Соответствие цели, хотя оно и представляет себя глазам, поэтому стерто и оставляет целому вид независимого существования. Памятник имеет детерминированный смысл и показывает его; но, в своем грандиозном аспекте и своем возвышенном спокойствии, он поднят над всякой целью в полезности, к чему-то бесконечному в себе.

Если мы рассмотрим отношение этой архитектуры к внутреннему духу и идее христианского культа, мы заметим, в первую очередь, что фундаментальная форма здесь — дом, полностью закрытый. Точно так же, как, по сути, христианский дух удаляется во внутренность совести, точно так же церковь — это ограждение, запечатанное со всех сторон, место медитации и тишины. «Это место отражения души в саму себя, которая таким образом замыкает себя материально в пространстве. С другой стороны, если, в христианской медитации, душа удаляется в себя, она, в то же время, поднята над конечным, и это одинаково определяет характер дома Божьего. Архитектура принимает, тогда, для своего независимого значения, возвышение к бесконечному, характер, который она выражает пропорциями своих архитектурных форм». Эти две черты, глубина самоисследования и возвышение души к бесконечному, объясняют полностью готическую архитектуру и ее главные формы. Они предоставляют также существенные различия между готической и греческой архитектурой.

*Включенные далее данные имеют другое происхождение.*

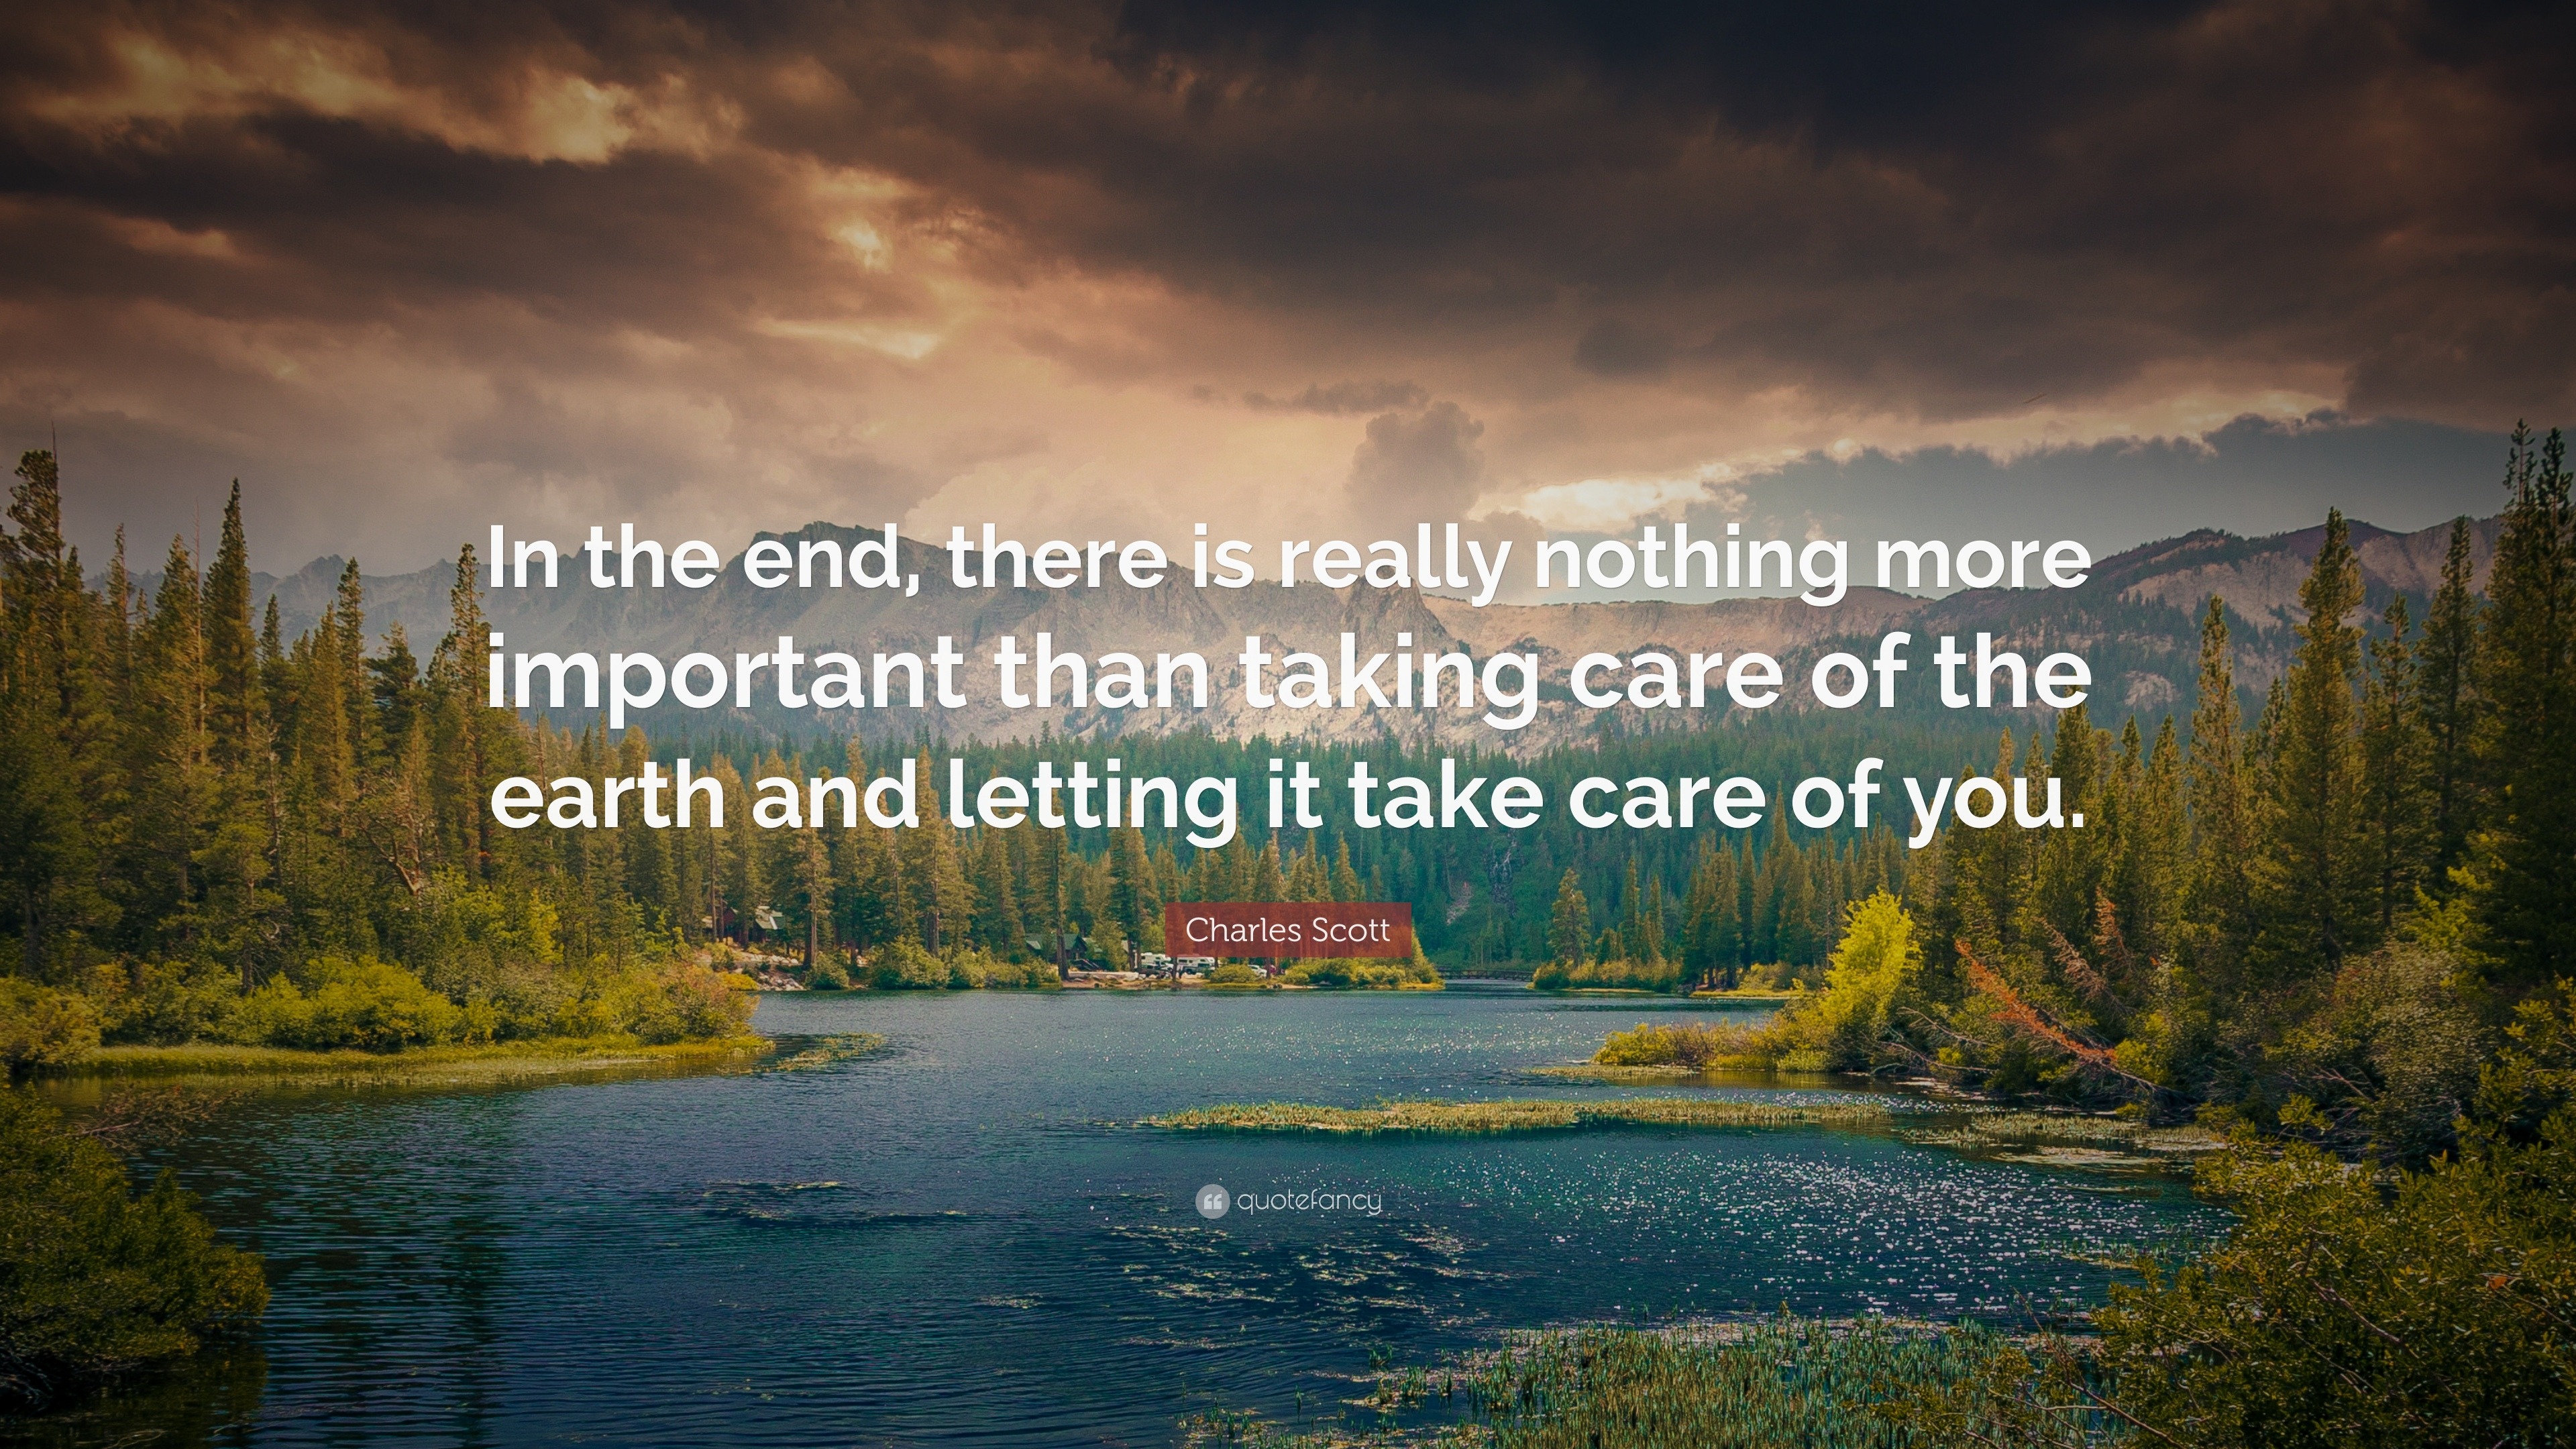 Charles Scott Quote: “In The End, There Is Really Nothing More Important Than Taking Care Of

Впечатление, которое христианская церковь должна произвести в контрасте с этим открытым и безмятежным аспектом греческого храма, есть, в первую очередь, спокойствие души, которая отражается в себя, затем — спокойствие возвышенного величия, которое устремляется за пределы границ чувства. Греческие здания простираются горизонтально; христианская церковь должна подняться от земли и устремиться в воздух.

Самая поразительная характеристика, которую дом Божий представляет, в своем целом и своих частях, есть, тогда, свободный полет, устремление в точках, сформированных либо сломанными арками, либо прямыми линиями. В греческой архитектуре точная пропорция между опорой и высотой повсюду соблюдается. Здесь, напротив, операция поддержки и расположение под прямым углом — самое удобное для этой цели — исчезает или стирается. Стены и колонна устремляются без заметной разницы между тем, что поддерживает, и тем, что поддерживается, и встречаются в остром угле. Отсюда острый треугольник и стрельчатая арка, которые формируют характерные черты готической архитектуры.

Мы не способны следовать за автором в детальном объяснении различных форм и разнообразных частей готического здания и его общей структуры.

МЕТАФИЗИКА МАТЕРИАЛИЗМА. Д. Г. Бринтон.

Ubi tres physici, ibi duo athei — пословица несколько заплесневелая. Естественная наука есть и всегда была материалистической. Объяснение простое. Существует столь же великий антагонизм между химическим исследованием и метафизической спекуляцией, как между тем, что

“Youthful poets dream,

On summer’s eve by haunted stream,”

и бухгалтерским учетом по двойной записи, и нет ничего более обычного, чем отрицать то, чего мы не понимаем. В последние годы этот научный материализм делает гигантские шаги. С тех пор как внушительное здание гегелевской философии оказалось лишь домом, построенным на песке, весы и метр стали нашими единственными богами.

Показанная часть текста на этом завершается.